* [Supplied material]:
========================

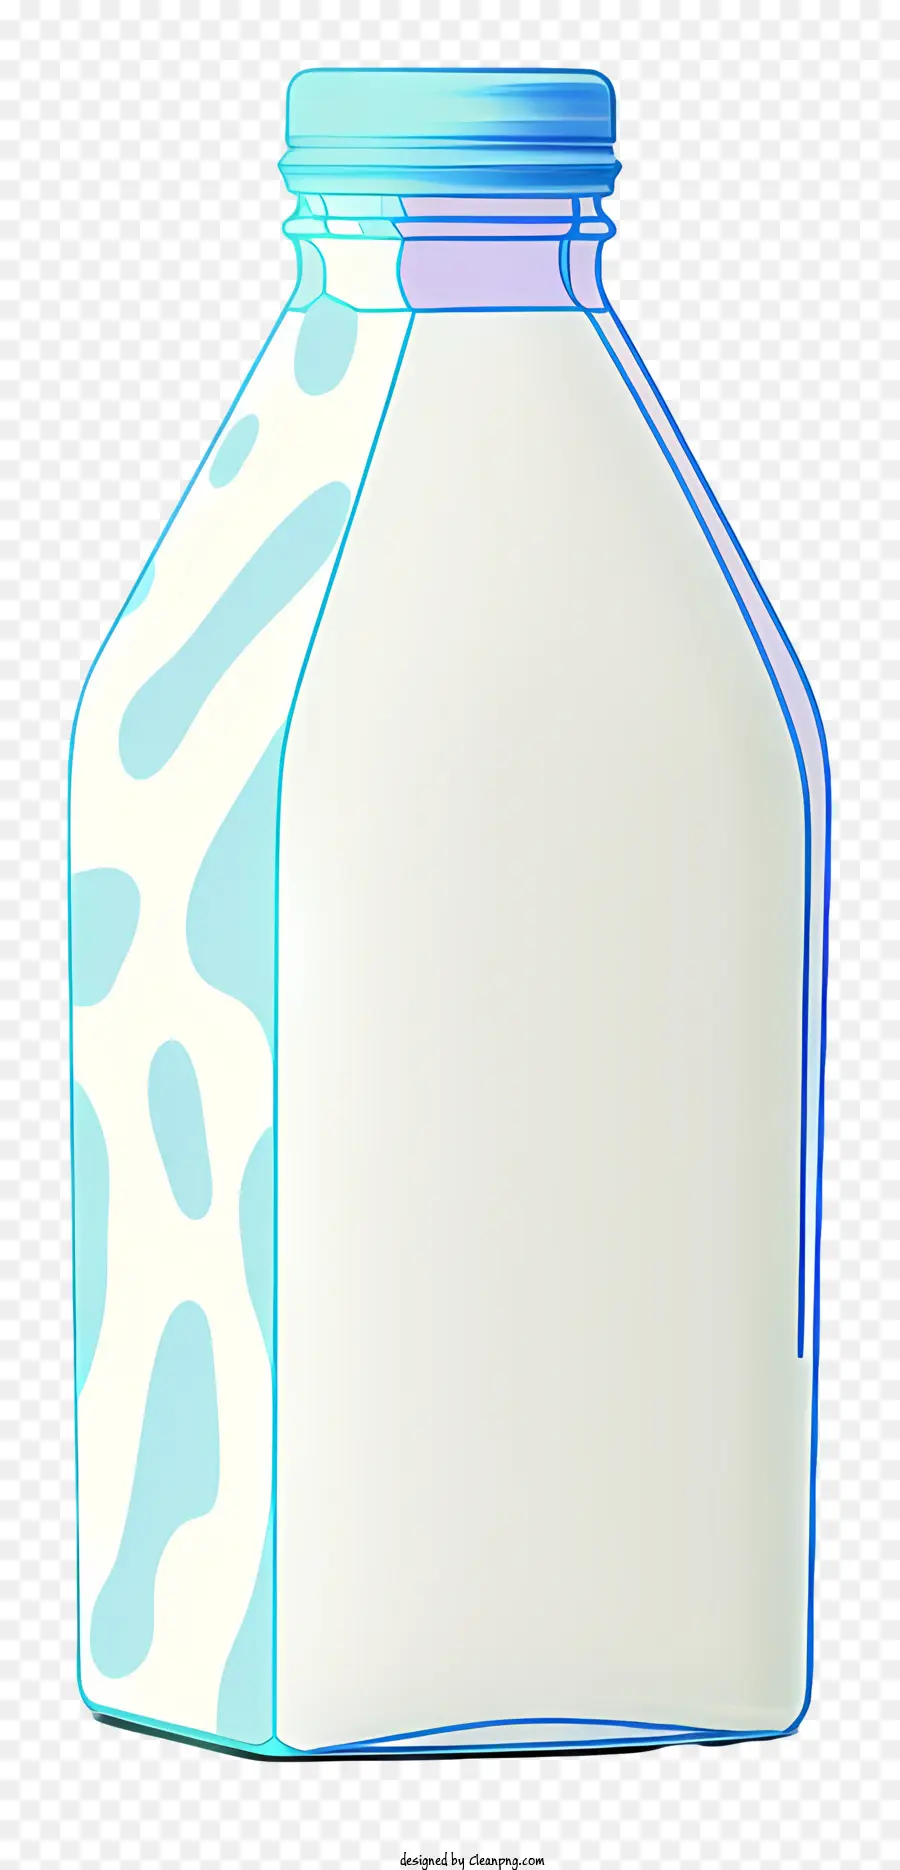 glass bottle milk blue cap clear glass plastic cap
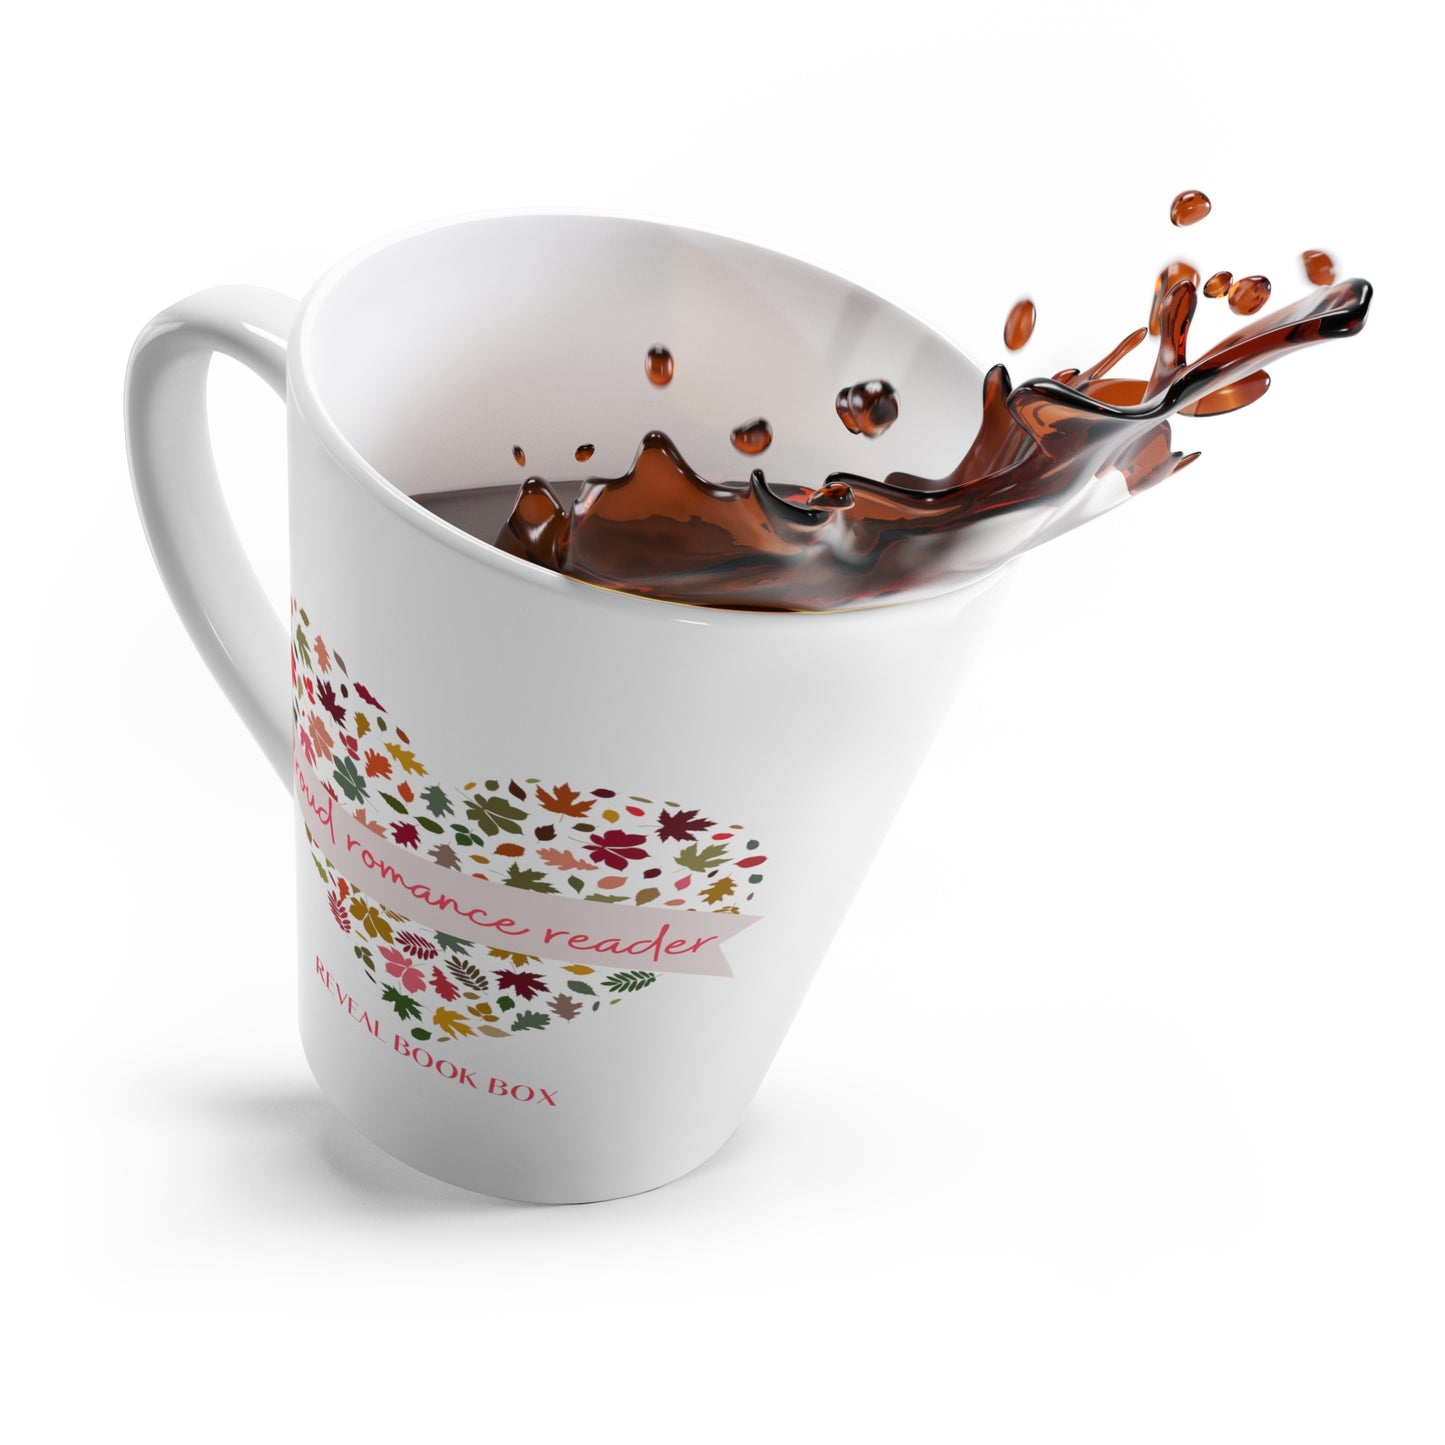 Proud Romance Reader (Autumn) - Latte Mug
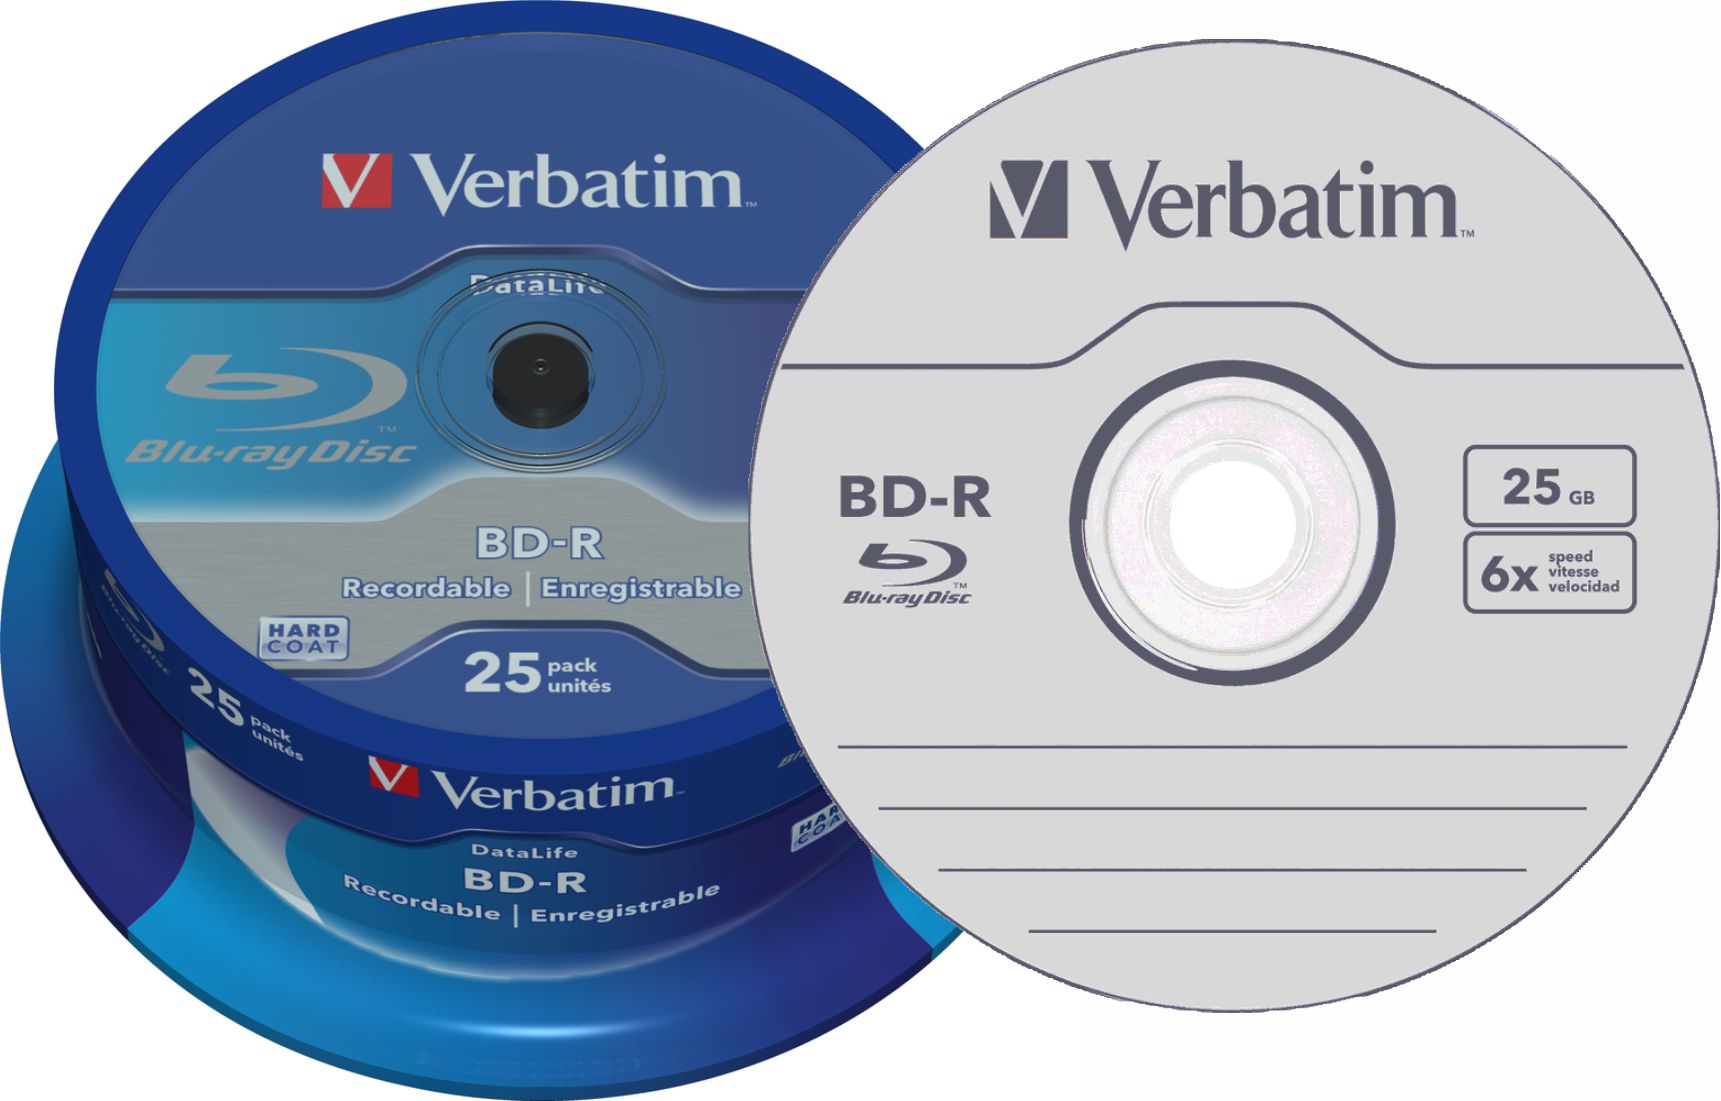 Cd blu. Диск Blu ray cd25 GB. Verbatim Blu-ray диск bd-re DL 50 ГБ 2x BDRE. Blu ray 25 GB. Blu-ray (Blu-ray Disc).

========================

* [Problem requirements]: The result should be a verbatim copy of the data, free of pictures.

* [Response to this task]:
 glass bottle milk blue cap clear glass plastic cap
 Proud Romance Reader (Autumn) - Latte Mug
 Cd blu. Диск Blu ray cd25 GB. Verbatim Blu-ray диск bd-re DL 50 ГБ 2x BDRE. Blu ray 25 GB. Blu-ray (Blu-ray Disc).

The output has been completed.